- Recorded data -
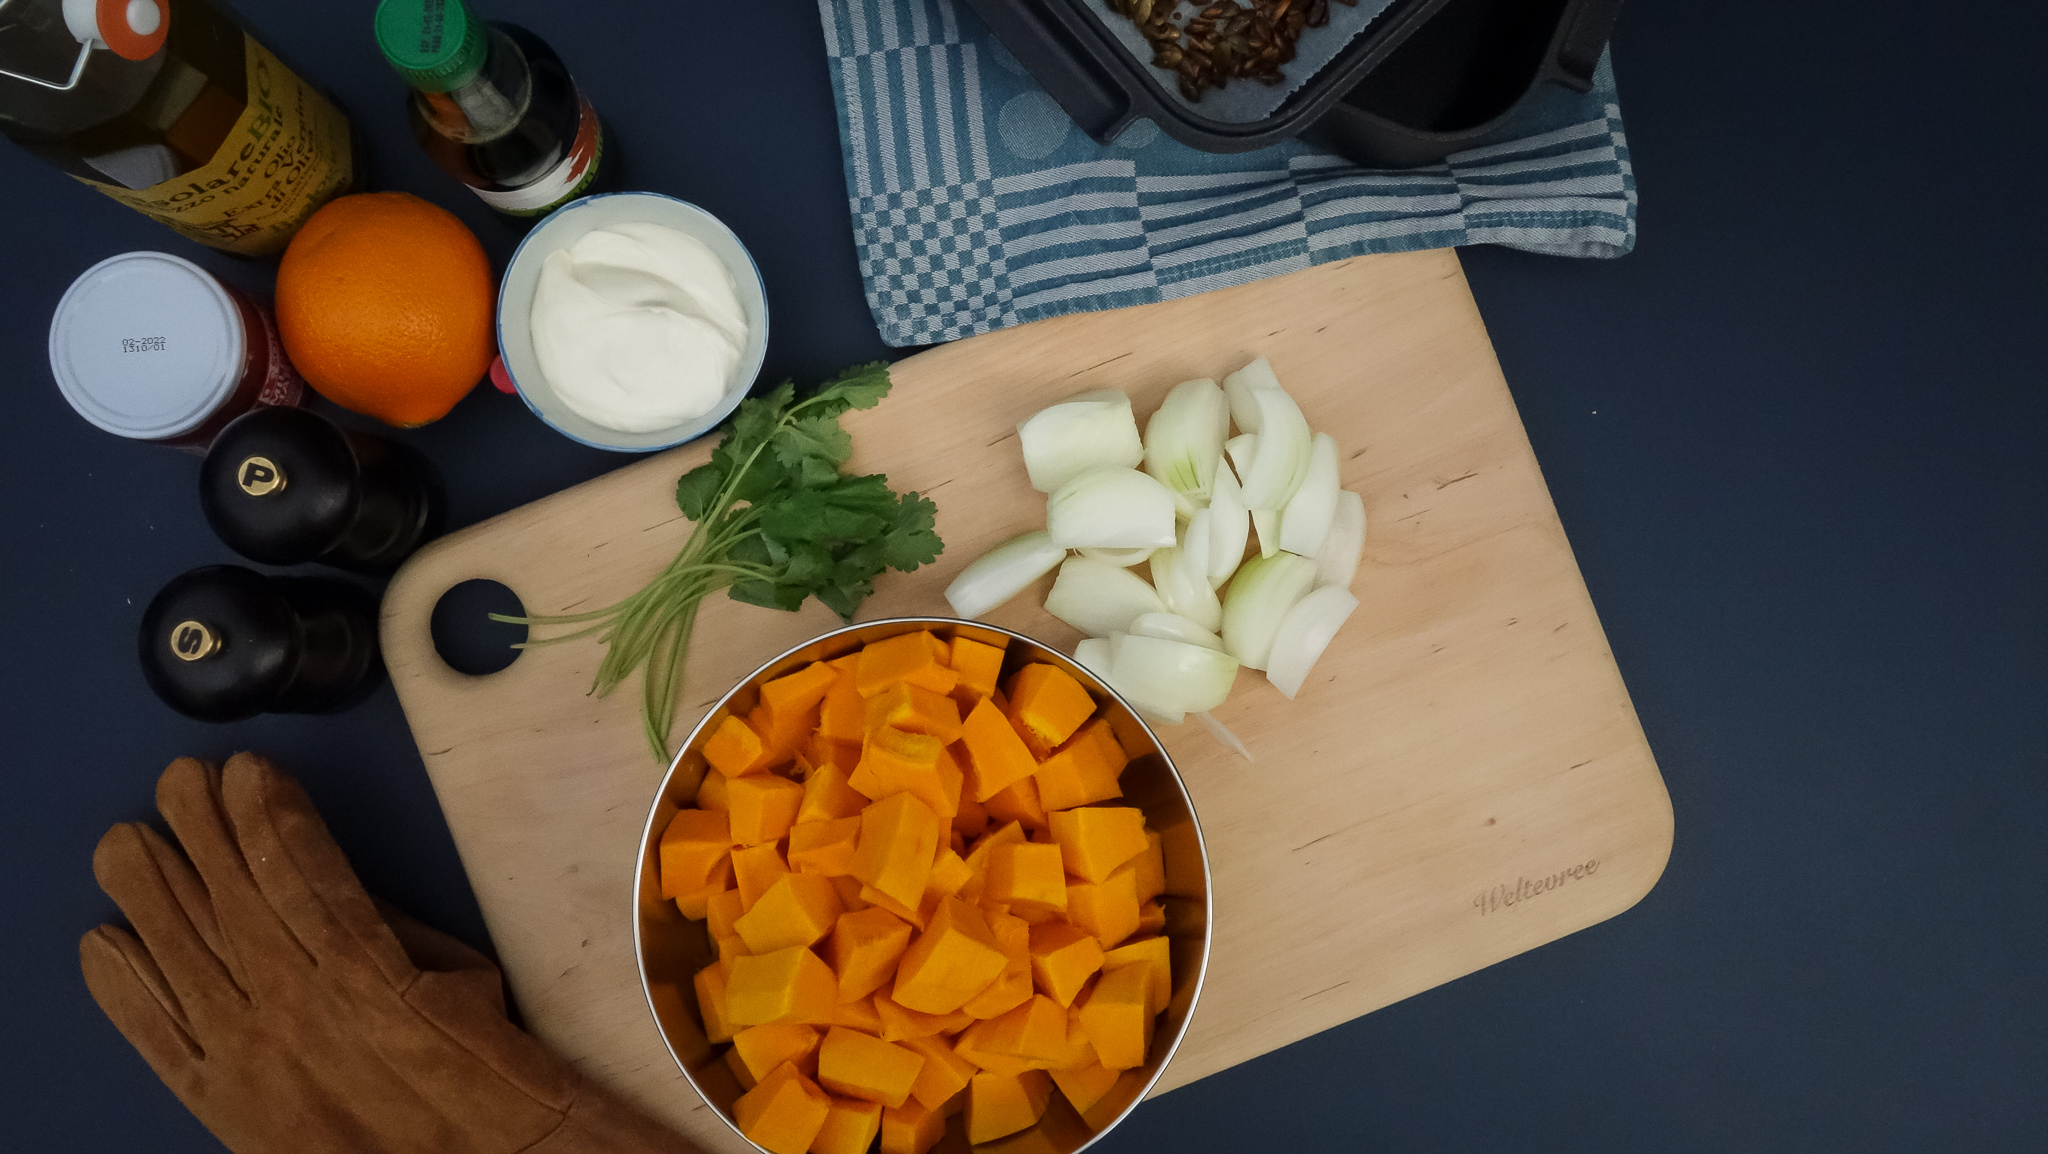 ingredients-pumpkin-onion-cutting-board-Weltevree
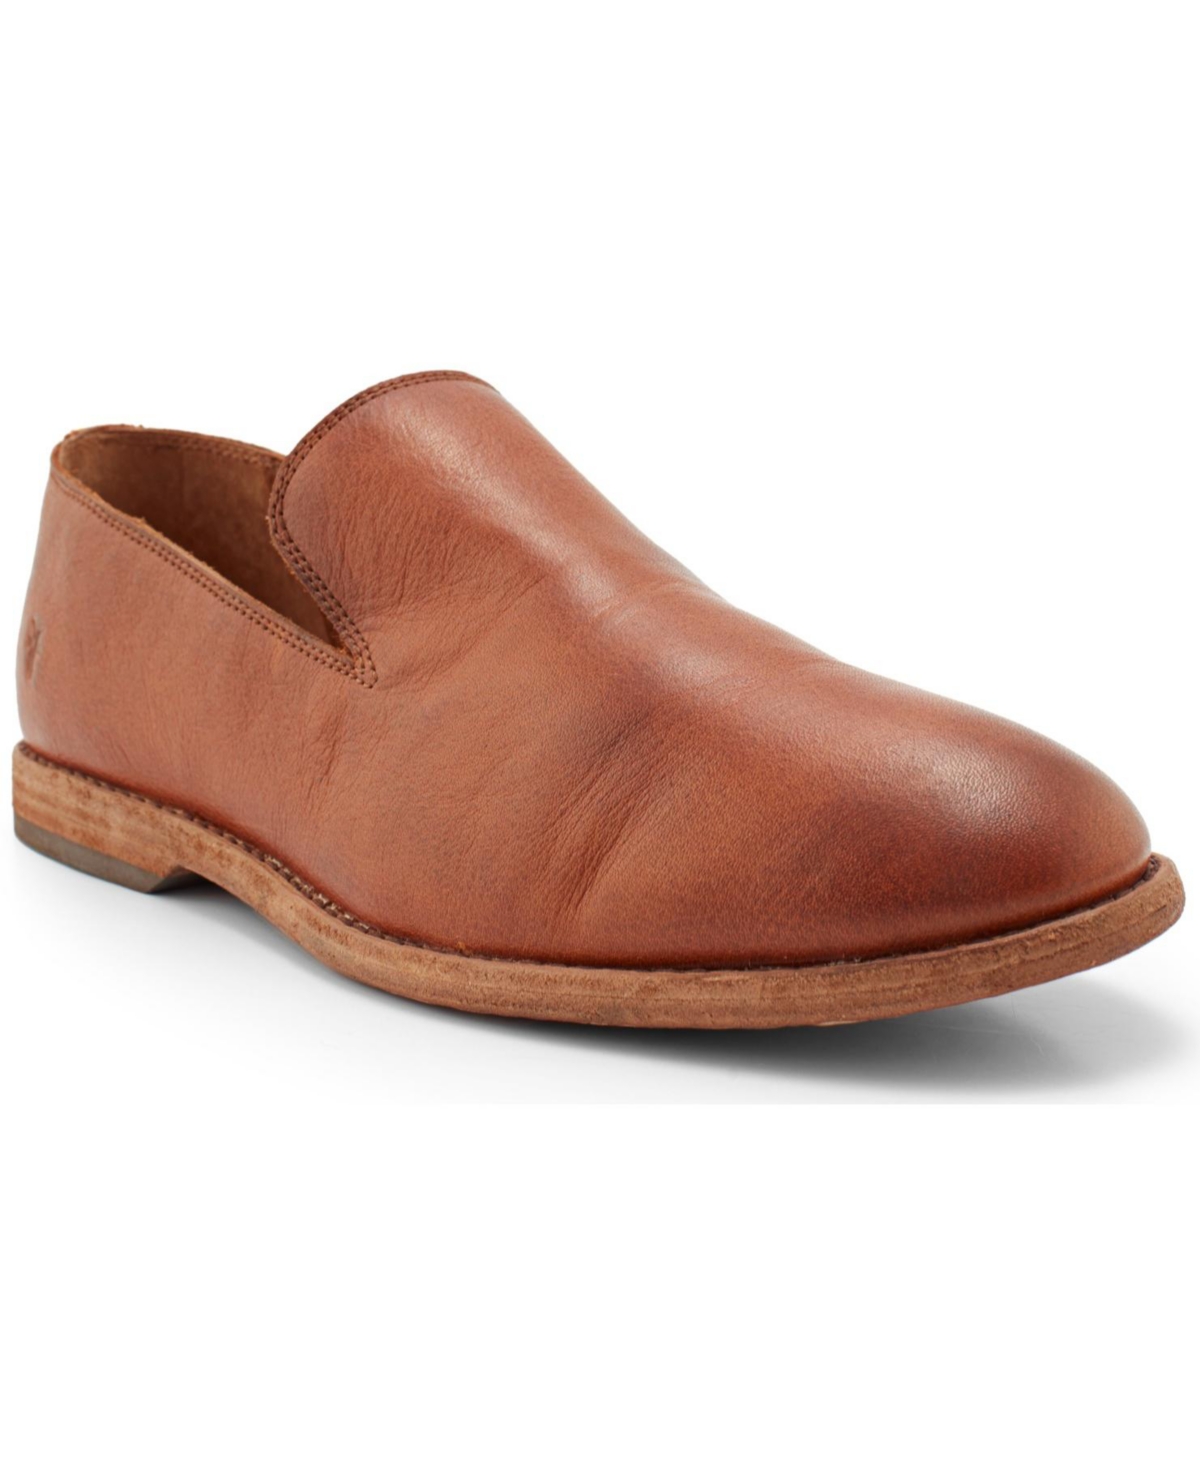 Men's Chris Venetian Slip-on Loafers - Tan Leather
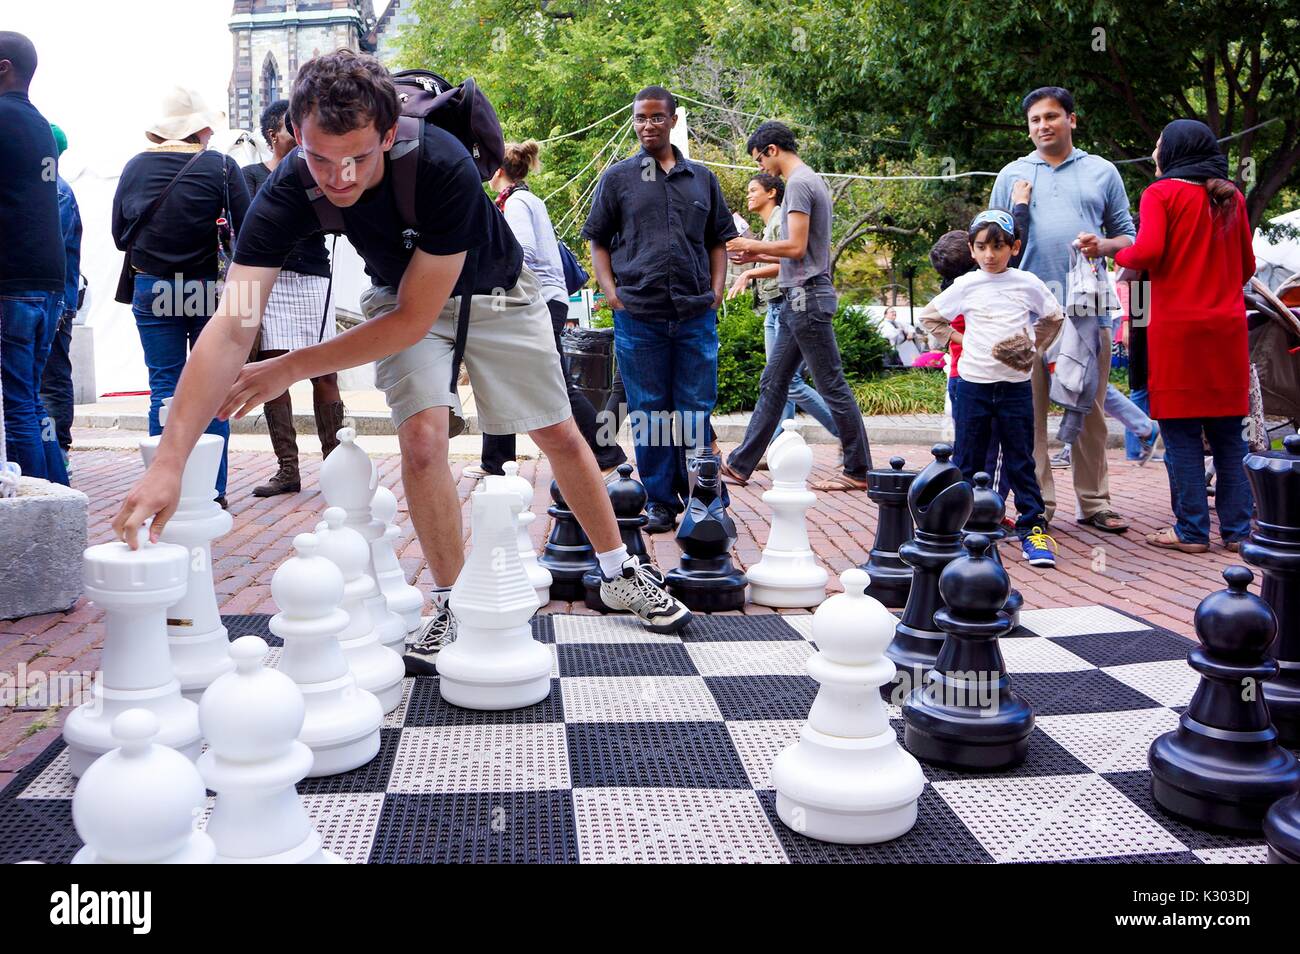 Por qué el ajedrez es una estrategia de vida?

- What is expected -
In your copy, omit the pictures and restate every line of the data word for word.

- Written response -
 ingredients-pumpkin-onion-cutting-board-Weltevree
 Men's Chris Venetian Slip-on Loafers - Tan Leather
 Por qué el ajedrez es una estrategia de vida?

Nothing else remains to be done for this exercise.